In truth, there was very little in Aranyakan belief that was openly at
odds with it.
Dryads who
said they were the servants of Minissa and naiads who said
they served Thalas visited her from time to time; they intimated that
her care of the woodland creatures who made their way to her cottage
door had found favor in the eyes of their goddesses. When Alla heard
such things, she would smile to herself and go on with what she was
doing—mending a broken wing or poulticing a rheumy chest. She and her
kind had looked after the wildlife of Ereb generations uncounted, long
before they had ever heard of these new gods, and they would have
continued on had the refugees never come.
Still, in
these gentle spirits of wood and water, Alla knew she had
found creatures who were not only friends and sisters but allies.
Before they had begun to visit her, if she found a creature so badly
wounded that she could not help it mend, she would keep solitary vigil,
comforting it till it passed into the Great Beyond. Now, faced with a
creature wounded beyond the point where her skill would heal it, she
knew she could go into the forest and call on the wood spirits for aid.
They would help her if they were able. If they were not, they would say
simply that Minissa was calling her creature home, and then help Alla
to ease the creature’s way into death. Later, they would sit and grieve
with her, and later still, they might invite her to join them in the
celebration of the great spiral dance of life.
Tonight,
Alla had built a small fire in the clearing outside her
cottage. On it, she sprinkled mineral salts so that the flames danced
with all the colors of the woodlands. It was the summer solstice, the
festival the Erebites named High Summer. She was prepared to observe it
alone—the dancing flames and the great starry vault of heaven were
company enough for her—but as she finished her meal of grain and
vegetables from her garden, a fawn trotted into the clearing. It cocked
its small head and gazed at her.
She smiled
and held out her arms. "Come here, little brother," she
called in the voice no goodly beast had ever resisted. "Come here." The
fawn approached and laid its head in her lap. "What’s the matter,
little friend?" she cooed. "Did you lose your mother? It’s all right.
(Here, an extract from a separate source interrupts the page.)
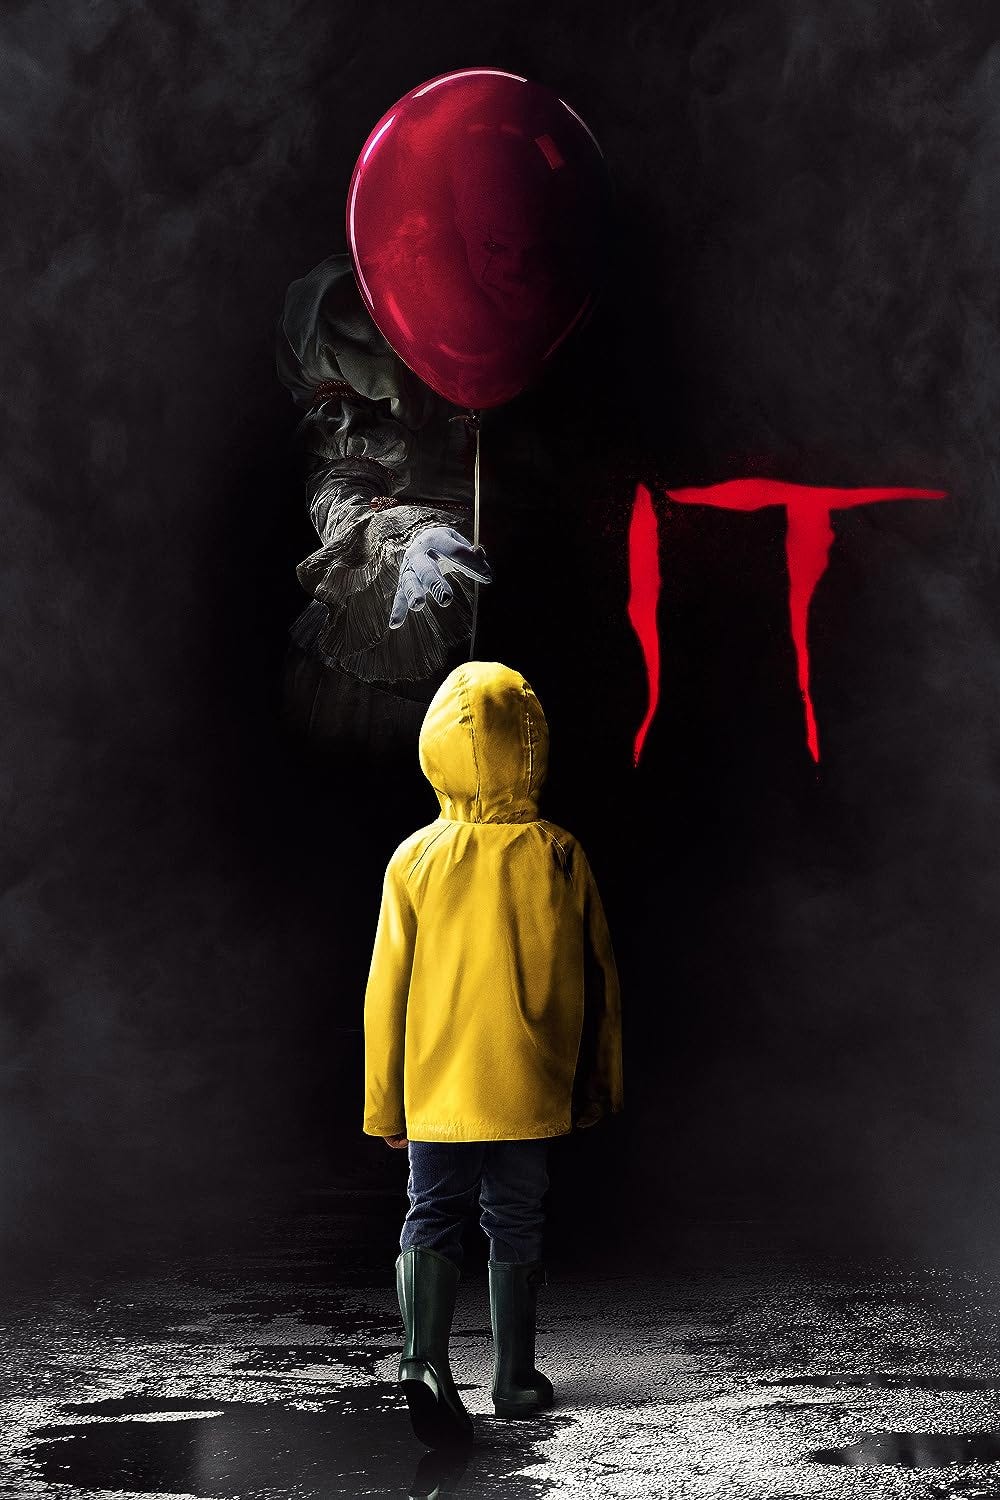 IT poster from IMDb

Well, you just stay right here with your sister Alla till your mother
finds you; you’ll be safe with me." She fetched some goat’s milk for
the fawn and went so far as to bring some blankets so the two of them
might stay in the clearing keeping warm till the fawn’s mother came
along. Chanting quiet invocations to the Great Mystery, she fell asleep
with the fawn nestled in the curve of her body.
She woke—or
her spirit rose, she was never quite certain which—to the
light of the full moon bathing the clearing. The fawn was nuzzling her
neck. It kept right on nuzzling till she sat up and rubbed the sleep
from her eyes. Then, when it was sure it had her attention, it
scampered to the edge of the forest, where it began to grow.
And
grow.
And
grow.
Within a few
moments, it had transformed itself into a mature stag.
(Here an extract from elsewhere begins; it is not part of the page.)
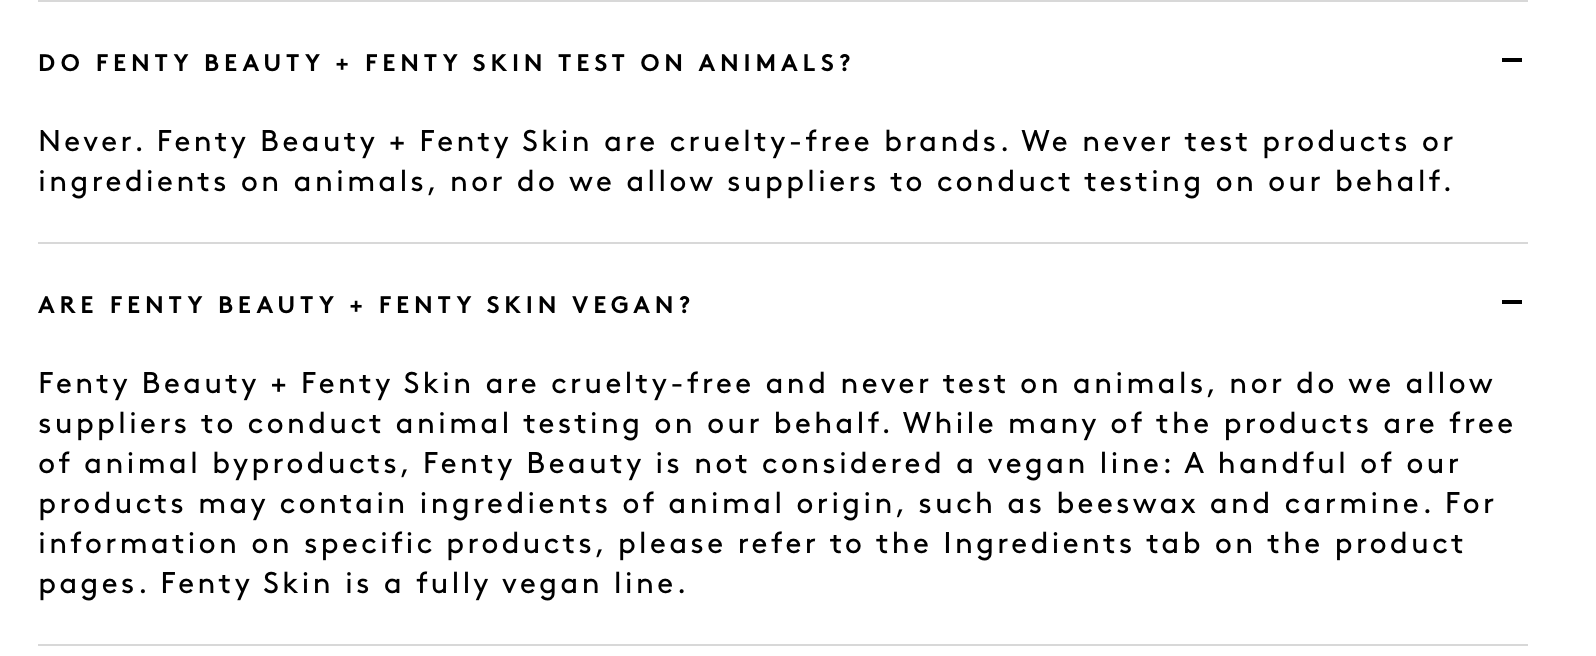 Does Fenty Beauty Test on Animals?

"Majestic" fell far short of describing it, as did "magnificent" and
the few other superlatives upon which Alla’s addled brain could seize.
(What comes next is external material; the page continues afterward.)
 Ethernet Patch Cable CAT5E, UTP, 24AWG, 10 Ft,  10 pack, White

She had seen stranger things under the great canopy of the forest in
her long life, but not many.
She found
herself wanting to speak, but she felt suddenly
self-conscious under the weight of that solemn gaze. "Uh-huh," was the
best she could manage. She said it mainly to herself, and it came out
as a long, drawn out "uuuuuuuuuuuuuuh-huuuuuuuuuuuuuh," as if her eyes
were acknowledging the existence of a sight her brain could not accept.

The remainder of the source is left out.